Marjorie Viola O’Connell Jackson’s money came from her husband Chester Jackson, a businessman and shrewd investor who amassed a fortune before his death in 1970.
Chester Jackson’s father, Lafayette Andrew Jackson, founded the Standard Grocery chain that grew to include more than 250 stores in Indianapolis and other cities around the state. Chester Jackson became the company’s president in 1931 after his father was shot and killed during a robbery of the chain’s flagship store in the 400 block of East Washington Street.
Jackson sold the chain in 1947 to the National Tea Co., according to the book “Notorious 92: Indiana’s Most Heinous Murders in All 92 Counties” by Andrew E. Stoner. The account says the sale “allowed (Jackson) to buy $14 million in coal stocks, $5 million in municipal bonds, $1 million in cash and Treasury bills, and other investments.”
“In all,” Stoner wrote, “the Jackson estate was worth more than $25 million.”
Hidden Cash
When Chester Jackson died in 1970, Marjorie Jackson inherited an estimated $14 million, depositing most of the money in the Indiana National Bank.
What few knew at the time was that Chester Jackson, who didn’t like the IRS, had for years stashed cash at the couple’s home.
By some accounts, it may have been more than $2 million — but that was only a pittance compared to what was to come.
Marjorie Jackson, who was 60 when her husband died, continued to live at the couple’s home. But as the years went by, she became more reclusive and allowed the property to grow up in tall grass and weeds.
In 1976, after a bank employee embezzled $700,000, Jackson began withdrawing her savings. She would show up at the bank and demand $500,0000 to $1 million at a time, taking the stacks of $100 bills home in a suitcase or grocery bags.
Over the course of about four months, Jackson withdrew everything she had in the bank. The total was nearly $8 million.
Over the course of about four months, Jackson withdrew everything she had in the bank. The total was nearly $8 million.
She hid the money all around her home — in closets, toolboxes, garbage cans and vacuum cleaner bags. The money was interspersed with an odd collection of gifts, from wash cloths to cakes to expensive jewelry, scattered around the house. The neatly wrapped packages had tags that read: “To Jesus Christ from Marjorie Jackson” and “To God from Marjorie.”
Robbery and Murder
Several months before she was murdered, two teens burglarized Jackson’s home. They got away with about $800,000, but she refused to prosecute them — even after one of the thieves confessed to a grand jury.The curious case of the robbery and killing of Jackson began to unfold on May 2, 1977, when an unlikely duo — Howard “Billy Joe” Willard, 38, Mooresville, and Manuel Lee Robinson, 29, Indianapolis — broke into Jackson’s home. The pair left with about $1 million in cash.

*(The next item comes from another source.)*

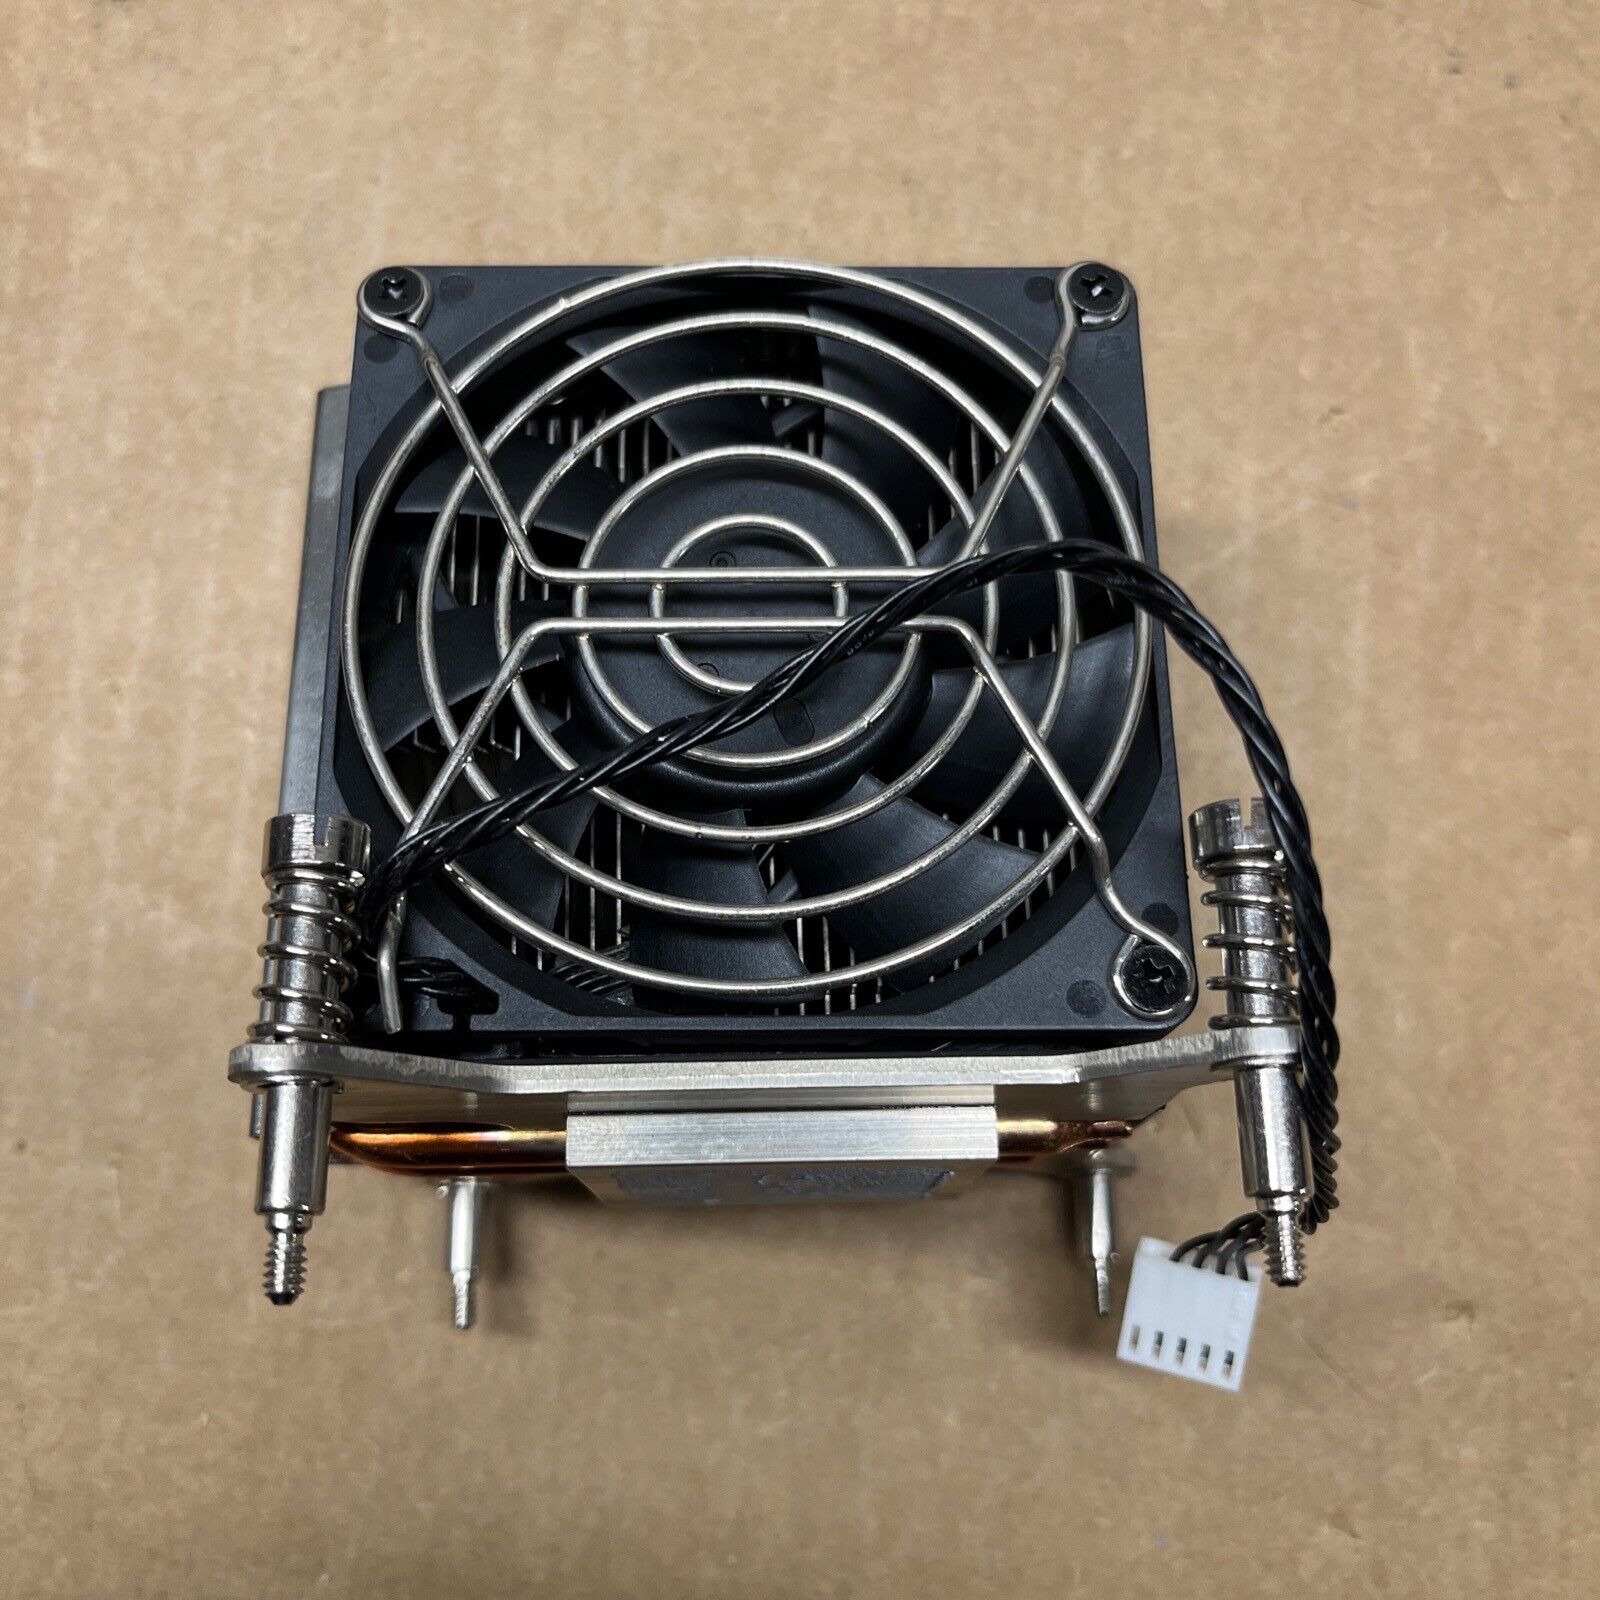 HP Z800 Z600 Z400 Heatsink and Fan Assembly 463990-001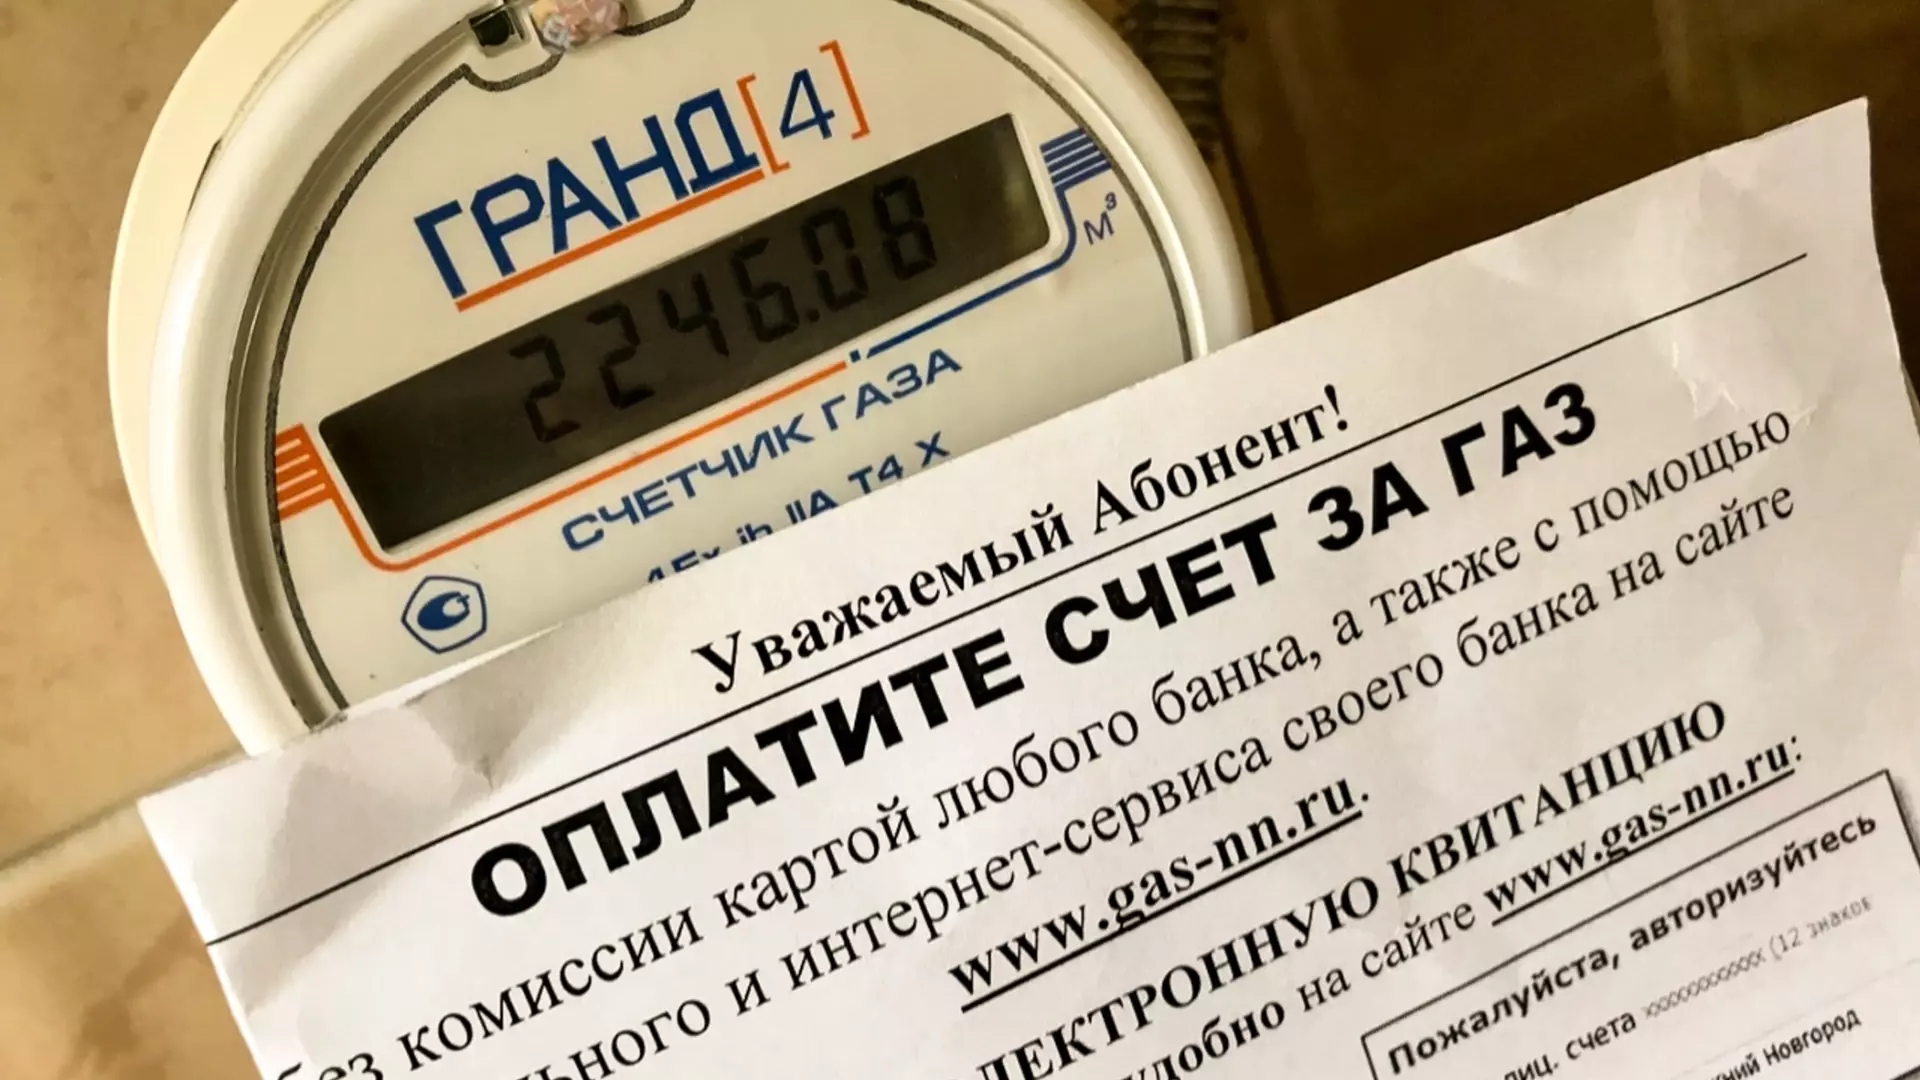 Меру борьбы с завышением тарифов на ЖКУ предложили в Нижегородской области

Emboldened by the ease of the first burglary — and the lure of the horde of cash they had left behind — the pair returned to Jackson’s home two days later. This time, they were confronted by the widow, and Willard shot her in the stomach with a .22 rifle.
The burglars tried to set the home on fire, but the small blazed smoldered for hours before it was discovered and firefighters were called. Jackson’s body was discovered after the fire was extinguished.
And despite Willard and Robinson making a return trip to the home, hauling out bags of cash — mostly $100 bills — police found they had left millions behind.
Millions of dollars of cash are missing!
Nearly 40 years have passed since millionaire recluse Marjorie Jackson was murdered during a robbery of her home in the 6400 block of Spring Mill Road.
After all that time, questions still linger about the fate of some of the $3 million or more the killers got away with back in 1977 — loot that was part of an unbelievable cache Jackson kept hidden around her home after withdrawing about $8.6 million from the bank in the months before her murder.
“We’ve always thought there was at least $1.6 million that was never accounted for,” said retired Indianapolis police captain Steve Koers, a nephew of Jackson and co-executor of her estate.
“There could be a lot more than that out there. You just don’t know. But the $1.6 million, we know, because of the serial numbers and the amounts she withdrew from the bank.”